The extension has the cavity wall, the main area has no cavity. The house is essentially a T shape, and it is where the T meets where i seem to have the most activity (new extension joining old house)



We live near a canal so Rats live in the banks, but i've lived here 10 years with no issues before.



So, after 2.5 months of no activity, suddenly in one night 2 traps went off, and over a period of 7 days, I have trapped and killed 6 juvenile and one middle aged rat. I stupidly left the dead rats to one side, and when i went up the 8th day, the bodies had gone (i am aware now they will eat their dead).



When a rat dies (for anyone who doesn't know) they stink of Death, you know when there is a dead rat. Over the next two weeks, i went up to try and find the bodies. There was little to no smell at all in either the main / extension. There was a very faint smell, but not the stench you would expect from 7 dead bodies. Being diligent I again contacted a exterminator.

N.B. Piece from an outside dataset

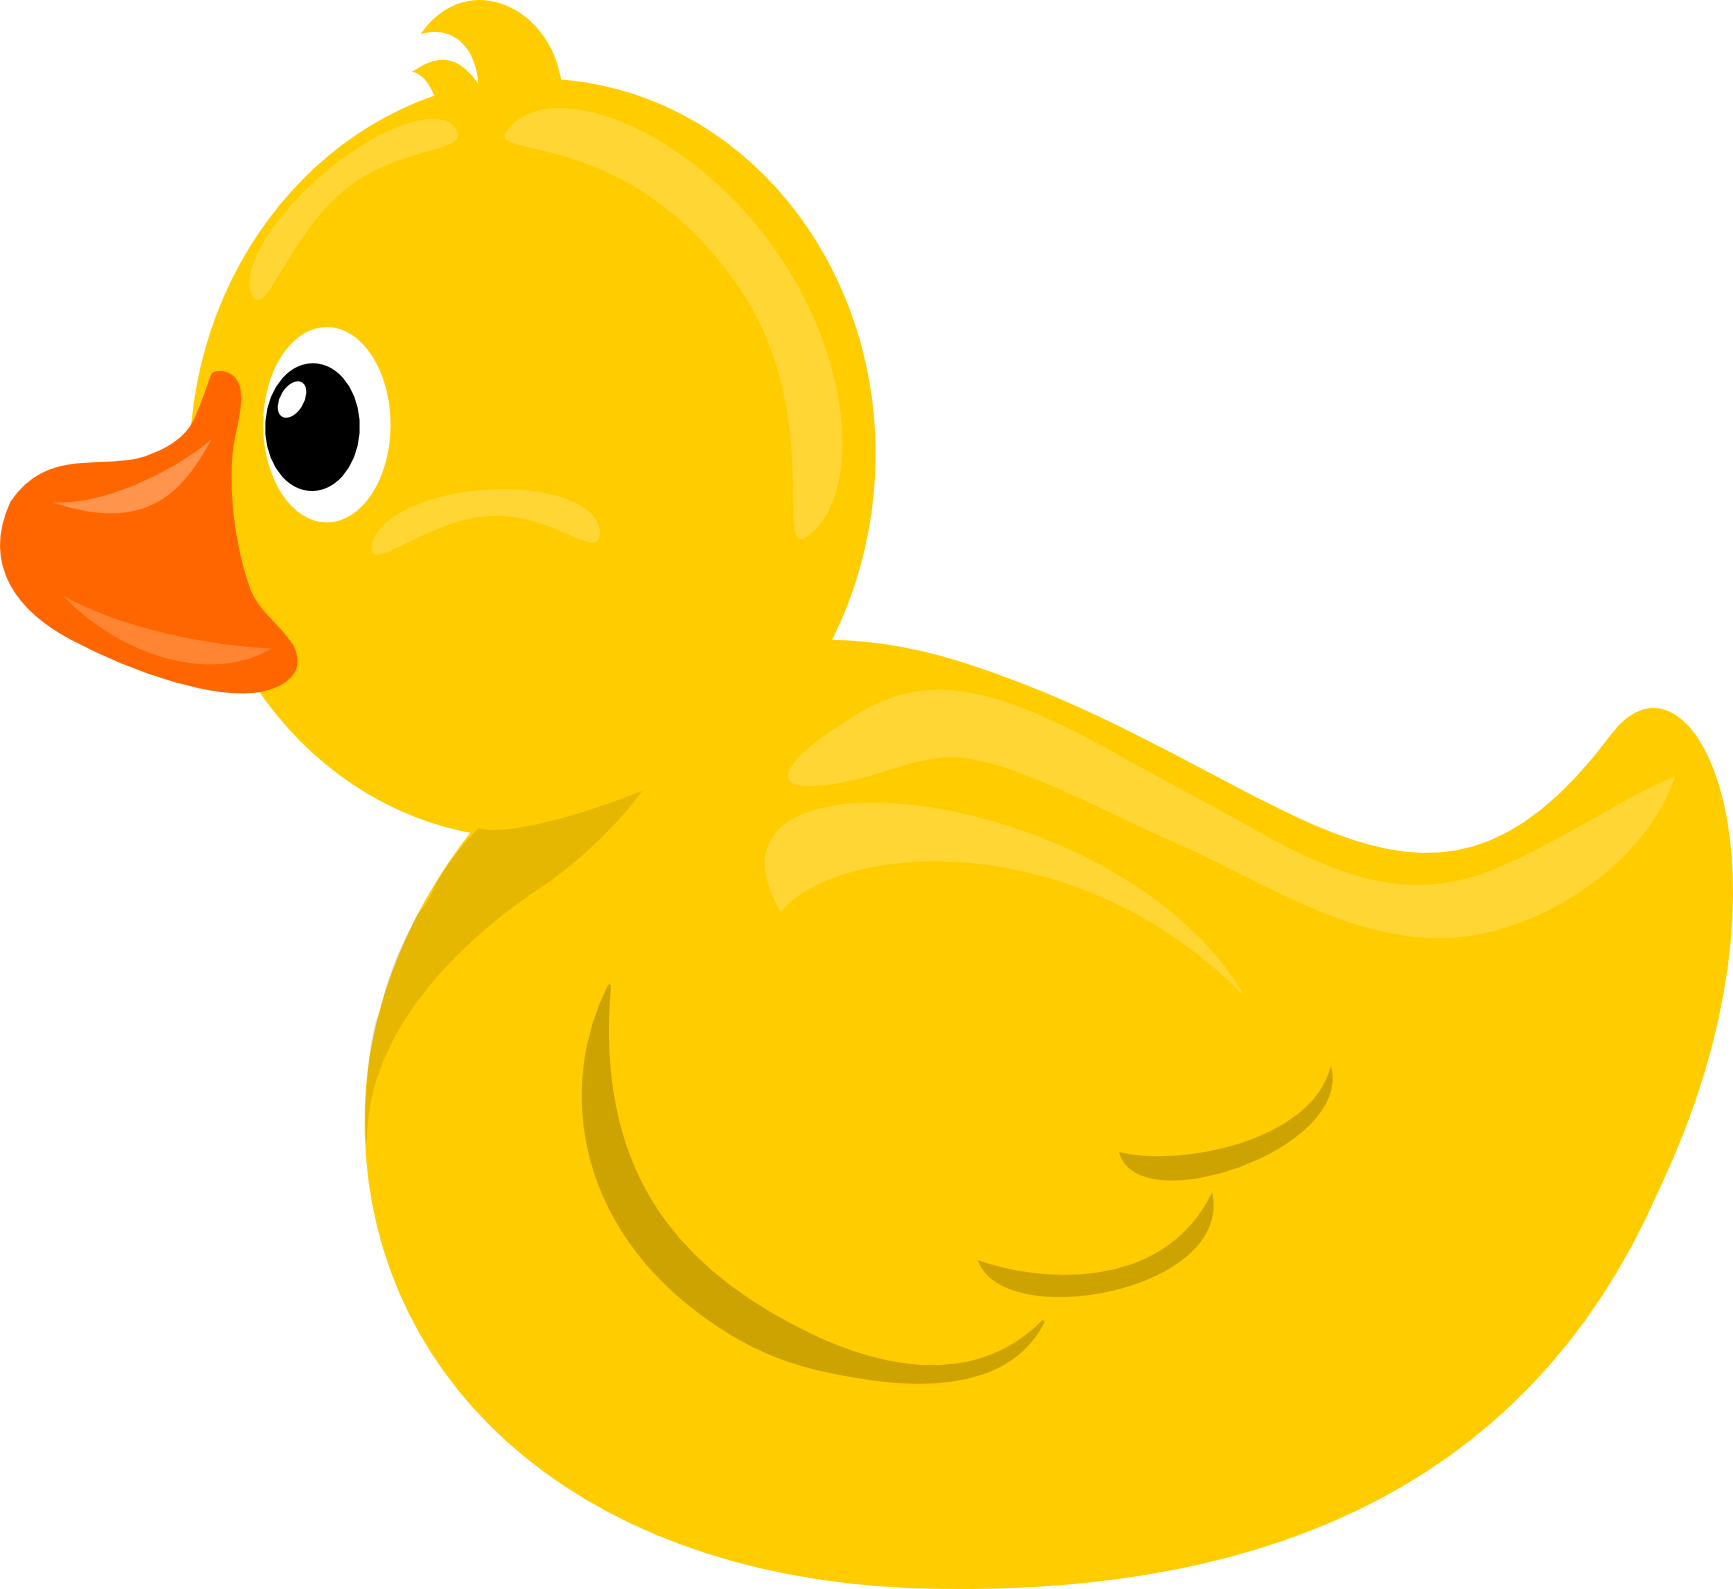 Rubber duck clipart stormdesi - Clipart Ducks

We have put poison down, 9 traps out, and over the last 2 weeks, have had 0 traps go off, and 0 piles of poison eaten (7 piles). I've put this down to Rats not liking new things, but thought they would have at least tried now.



I have spoken to both my neighbours (live in a terrace), and they say there are no signs of Rats in their attics.



So, given all of the above, can i get peoples thoughts on what to do next? Given the above, i don't think they are in my house, but are using my loft as a throughway to get from A to B, but if that is true are my neighbours lying to me?



Any professional advice would be greatly appreciated.


----------



## Bud9051 (Nov 11, 2015)

In my area, cold in winter, rats and mice will look for a nice warm home for winter. If the house does not provide food and water they will go in and out for that but warm they like.

Rats are also shy and cautious so sounds like you will need to keep baiting and trapping forever given the many from that canal.

As for finding their entrance you might be able to use an infrared camera, over here they rent them or you can buy a low cost home owners model.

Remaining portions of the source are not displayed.